Algo parecido sucedió con el sustantivo color, con la diferencia de que hoy en día, por lo menos en la Argentina, nadie duda de que es masculino. En latín, color (voz grave) es de género masculino. El DRAE define color como sustantivo masculino y agrega que es usado también como femenino. El Autoridades lo define como masculino y observa: 'Aunque lo mas proprio y conforme à su origen, es usar este nombre como masculíno, algúnos le usan como femenino'. Vemos, entonces, que en el siglo XVIII estaba dejando de usarse como femenino. Pero tenemos ejemplos más antiguos de ese uso, como en las Coplas a la muerte de su padre, de Jorge Manrique (siglo XV): «Decidme: la hermosura, / la gentil frescura y tez / de la cara, / la color y la blancura, / cuando viene la vejez, / ¿cuál se para?».

Dice el DPD: 'Cuando significa cualidad de los seres por la cual impresionan la retina de modo diferente según cómo reflejen los rayos luminosos y cada uno de los distintos modos en que puede percibirse esta cualidad, es masculino en la lengua general culta: «En otoño, las arboledas van perdiendo el color verde» (Merino Orilla [Esp. 1985]). Su uso en femenino, normal en el español medieval y clásico, es ajeno hoy a la norma culta y debe evitarse. El femenino puede aparecer también en textos literarios, con finalidad arcaizante. Sí es normal su empleo en femenino, en países como Chile o el Ecuador, para designar cierto colorante alimentario: «Se fríe la cebolla con la color, y se añade a las lentejas» (Huneeus Cocina [Chile 1989])'.

¿Velorio o velatorio?

«Mi consulta tiene que ver con la utilización del término velorio, muy repetido luego de la muerte del doctor Raúl Alfonsín y ahora con la trágica muerte de la senadora Judith Forstmann.

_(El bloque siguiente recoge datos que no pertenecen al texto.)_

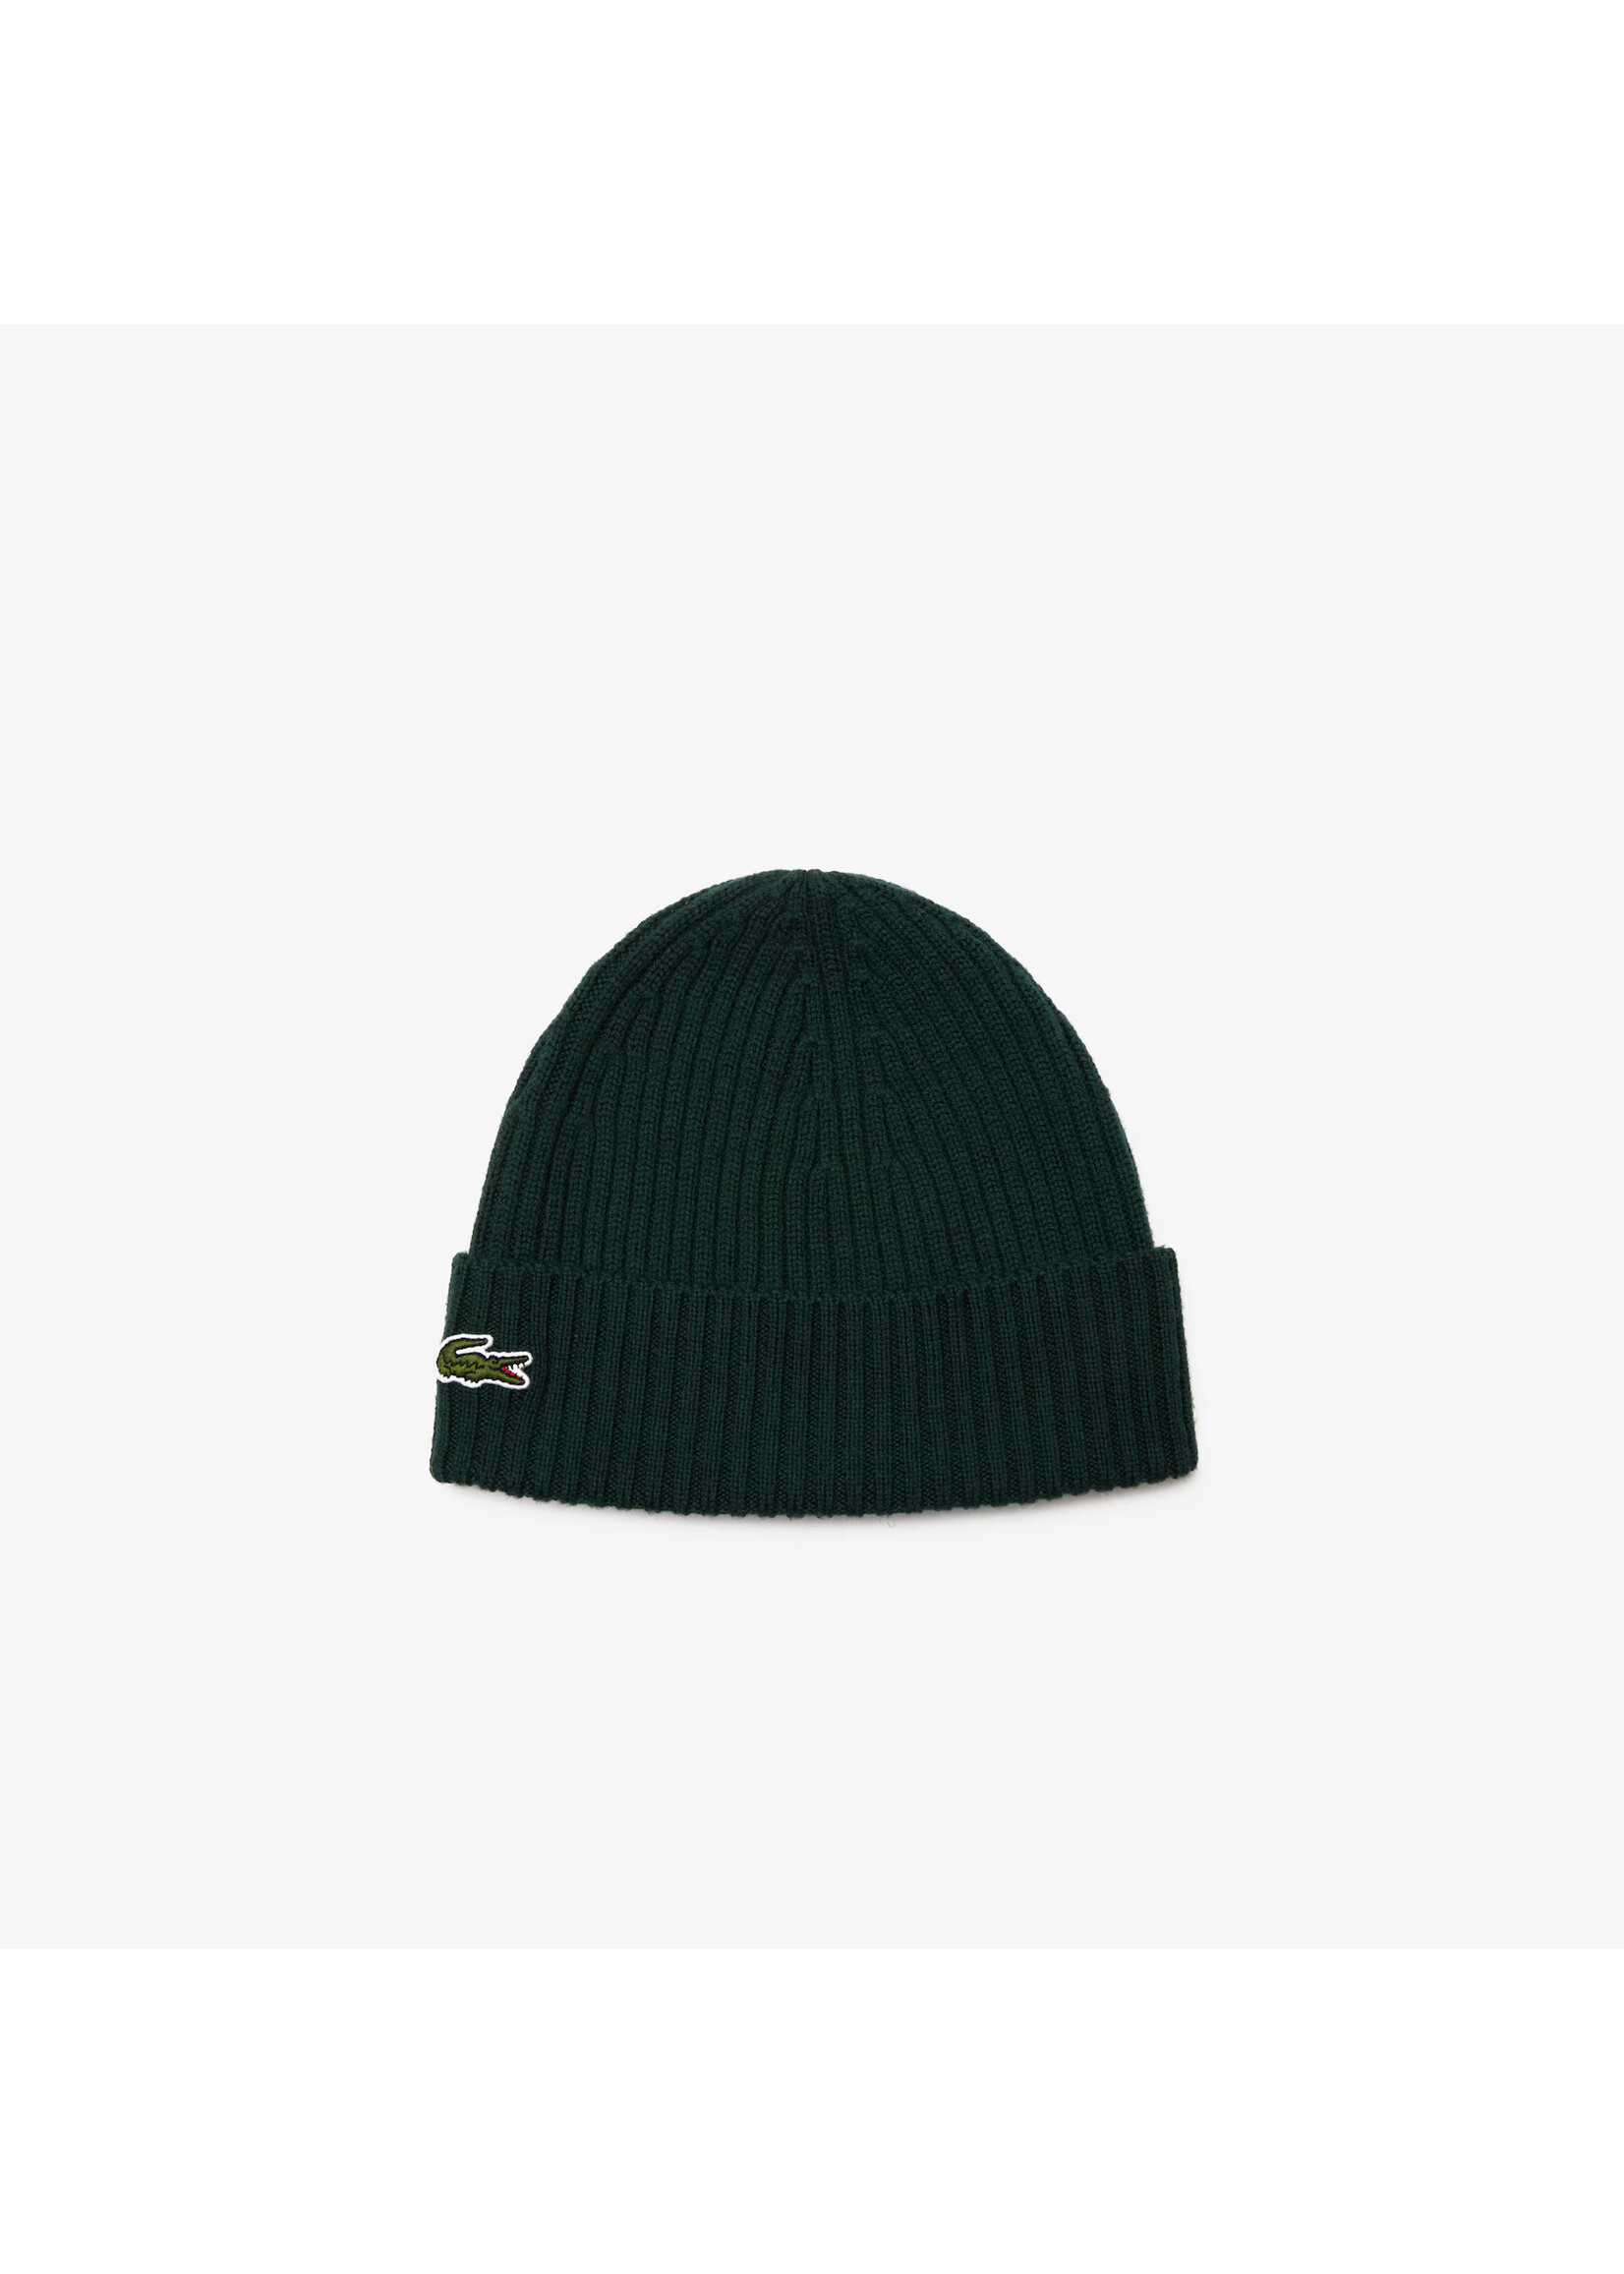 Lacoste Knitted Beanie

El DRAE da velorio como sinónimo de velatorio, pero lo asigna especialmente al caso de un niño. Para esta situación, ¿debería haberse utilizado el término velatorio por sobre velorio», pregunta Enzo Campetella.

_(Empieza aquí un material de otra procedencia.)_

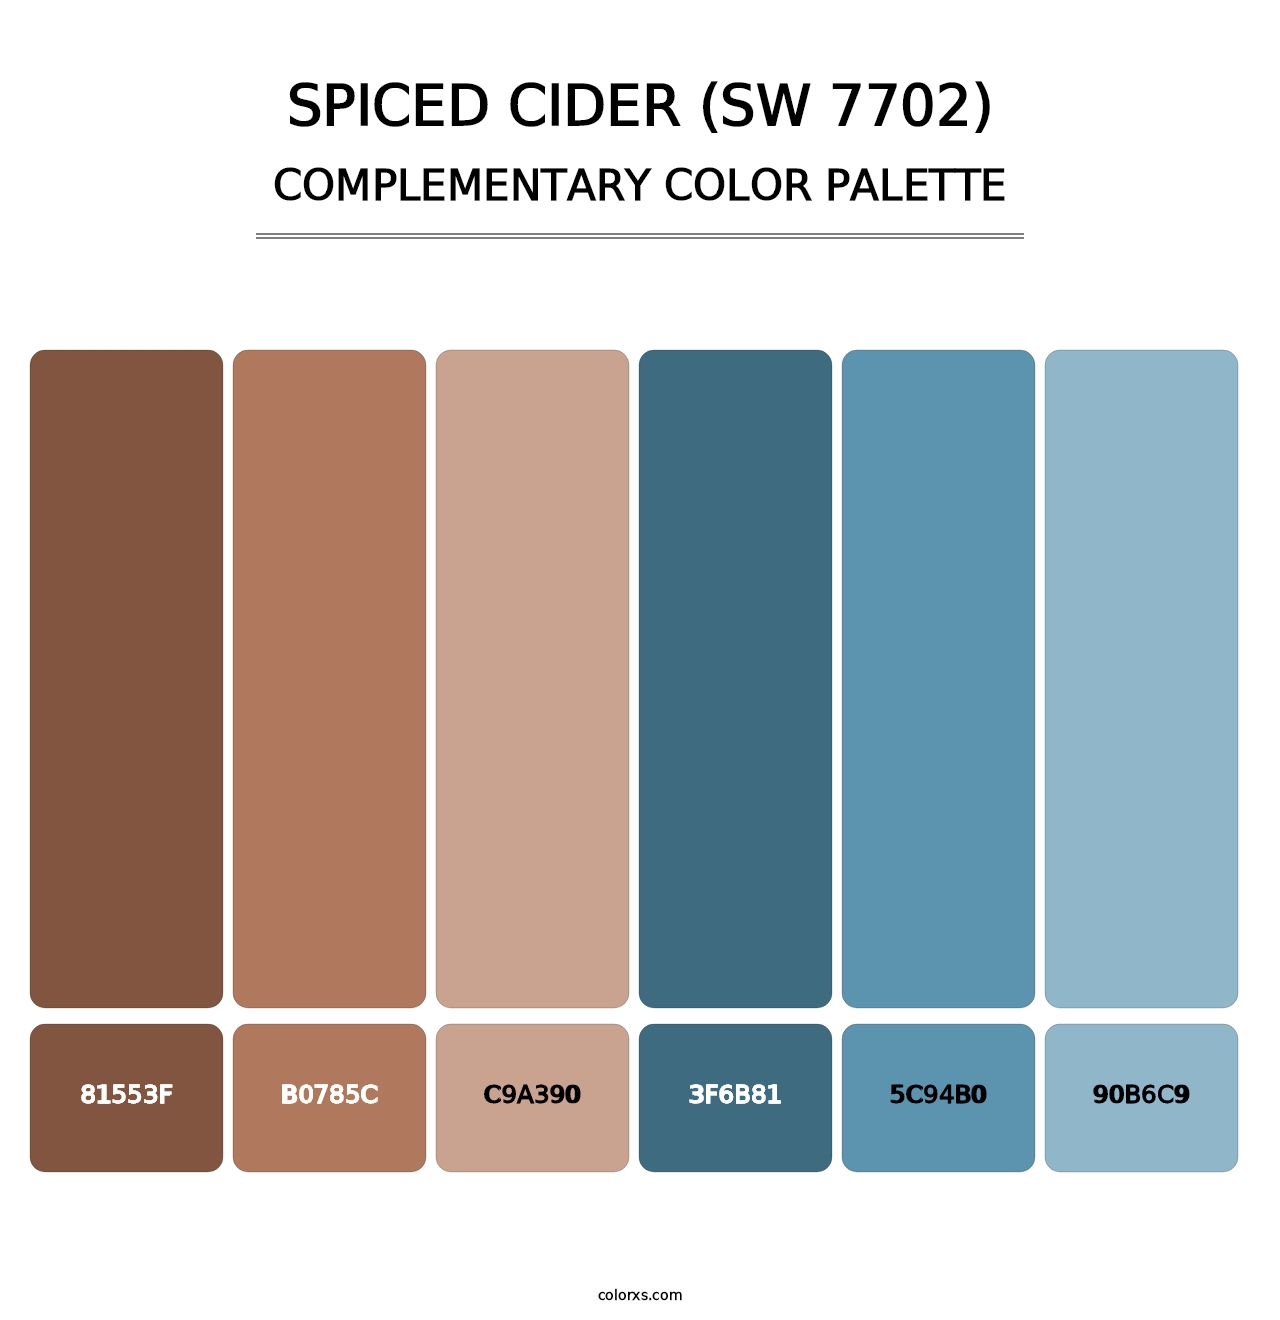 Spiced Cider (SW 7702) - Complementary Color Palette

No necesariamente. El DRAE define velorio como 'velatorio, especialmente para velar a un niño difunto', pero especialmente no significa exclusivamente. Entre nosotros, los dos sustantivos se usan de manera indistinta. Hay, sí, en el interior y en otros países de América del Sur, una ceremonia tradicional llamada velorio del angelito, con rezos y cantos, que se realiza cuando muere un niño pequeño. Antiguamente se bailaba porque se entendía que la muerte de un niño no debía llorarse, ya que, por su inocencia, su alma volaba directamente al cielo.

Con tilde

Escribe María Enriqueta Roland: «De atrevida, escribí un cuento corto para un concurso y ha sido elegido para ser publicado. Al enviarlo, el final decía: "¡Siéntense, la cena ha llegado!". Elevé mi consulta sobre si debía ser acentuada la orden o no. Dijeron que estaba bien con acento. Sigo dudando. ¿Usted qué opina?».

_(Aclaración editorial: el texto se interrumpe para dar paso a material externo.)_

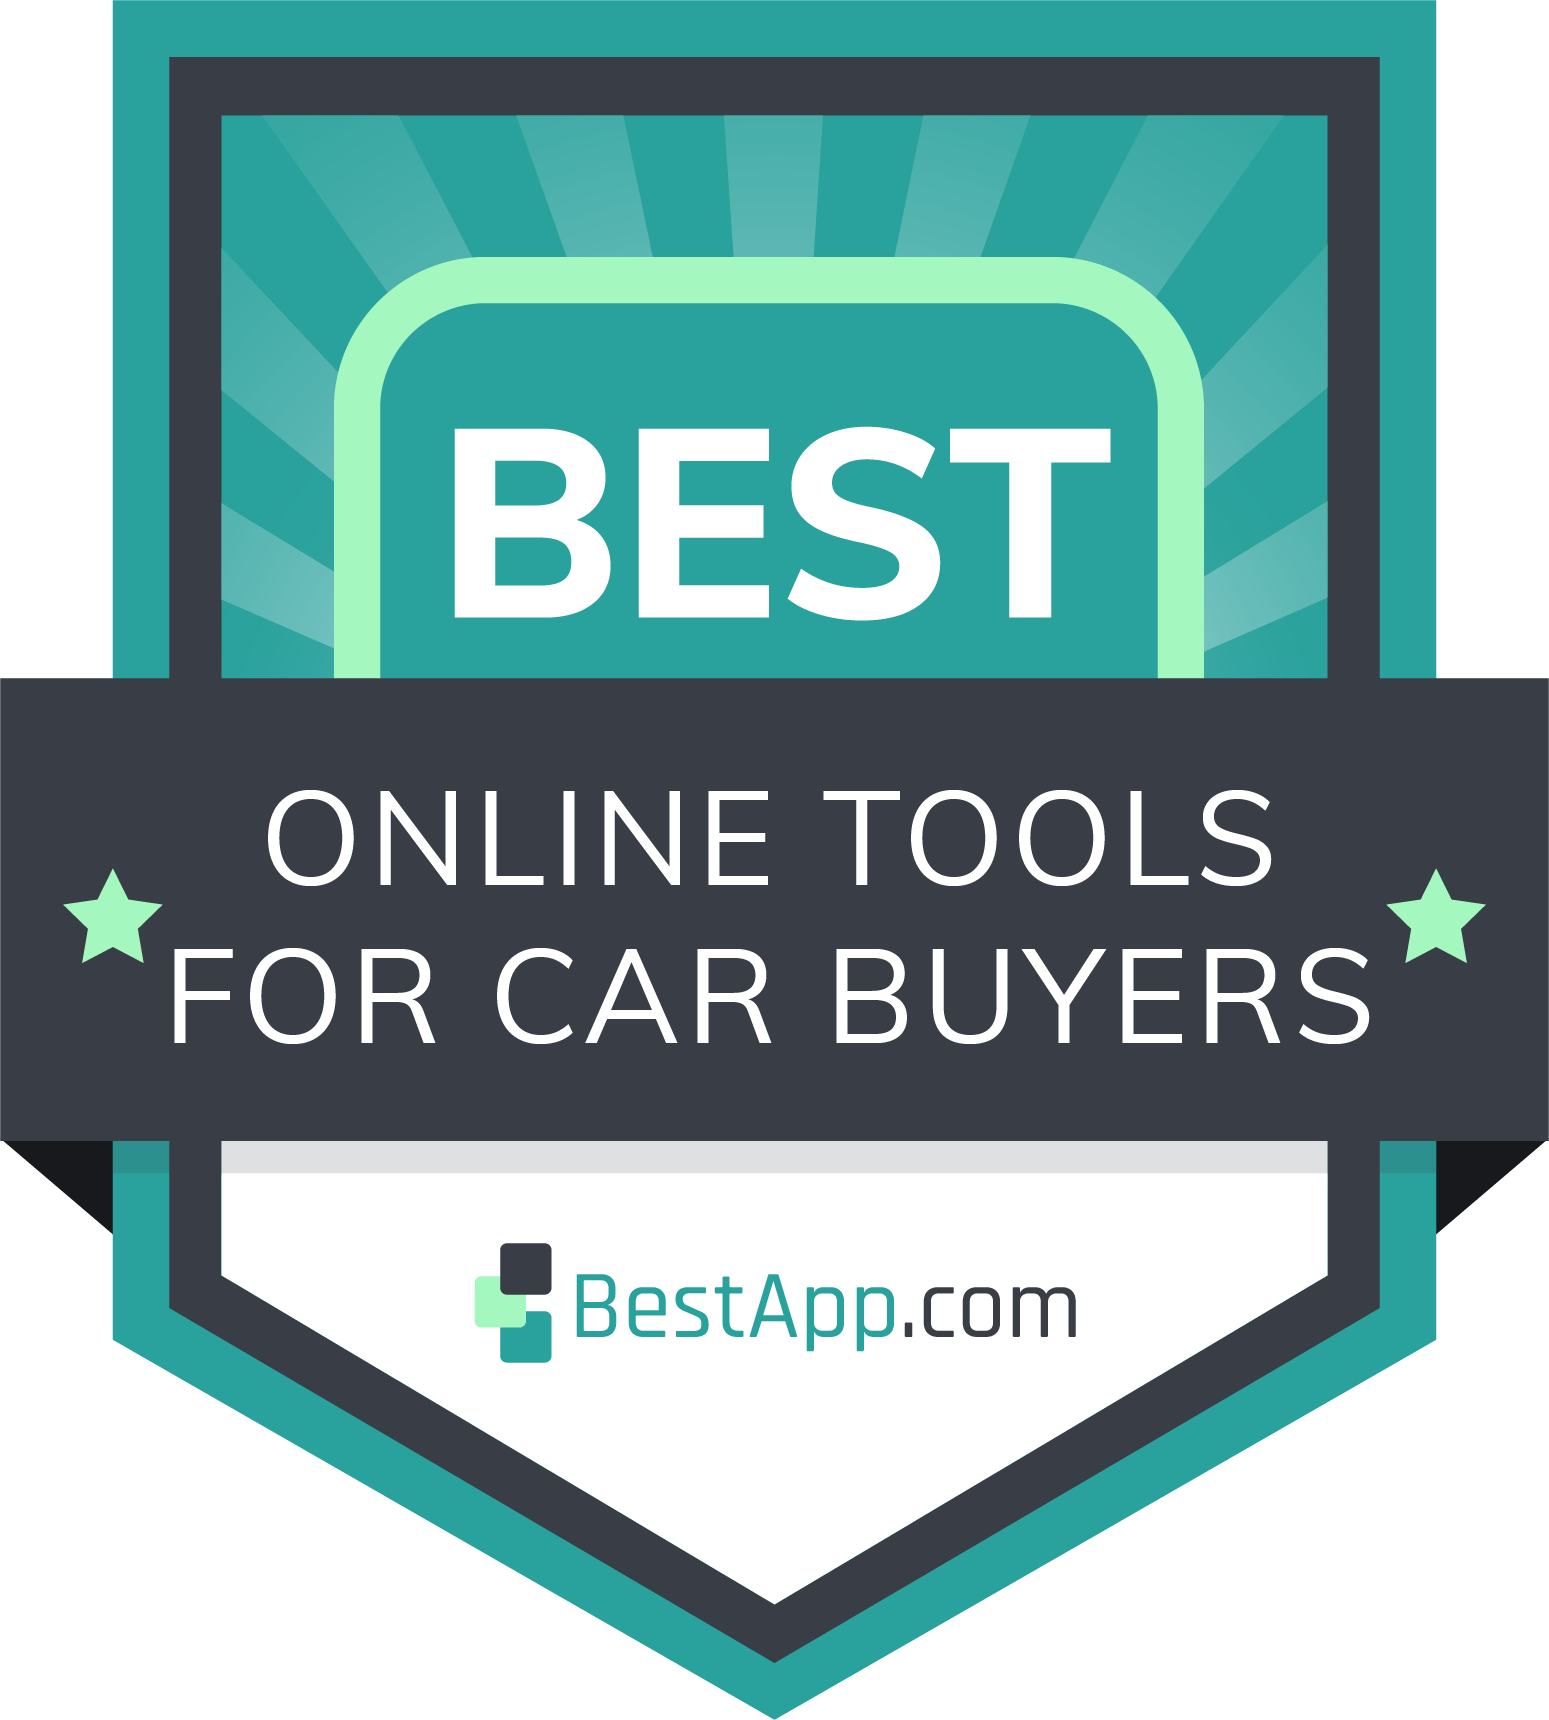 Best Online Tools for Car Buyers Badge

La respuesta que dieron es correcta. El verbo sienten no lleva tilde porque es palabra grave terminada en n, pero al añadirle el pronombre enclítico, queda formada una palabra esdrújula que, como todas las esdrújulas, debe escribirse con tilde. Cuando se agregan pronombres enclíticos, debe considerarse la palabra que queda formada y aplicar las reglas generales de tildación. Así, puede ocurrir que haya que ponerle tilde a un verbo sin tilde o quitársela al que, sin el pronombre enclítico, la lleva.

Un Nobel para Vargas Llosa

«En una nota a propósito de la muerte de Corín Tellado, publicada el sábado 11 en la edición digital, el autor se refiere a Mario Vargas Llosa como «el Nobel de Literatura». Por un momento imaginé que la Academia Sueca había adelantado la entrega del premio para el año 2009 y que, encontrándome de vacaciones aislado de las noticias, me había perdido la novedad. Supongo que el error será corregido», escribe Ezequiel Rodríguez Reimundes.

Es que a veces se habla tanto de la posibilidad de que ocurra una cosa, que uno termina convencido de que realmente ha ocurrido.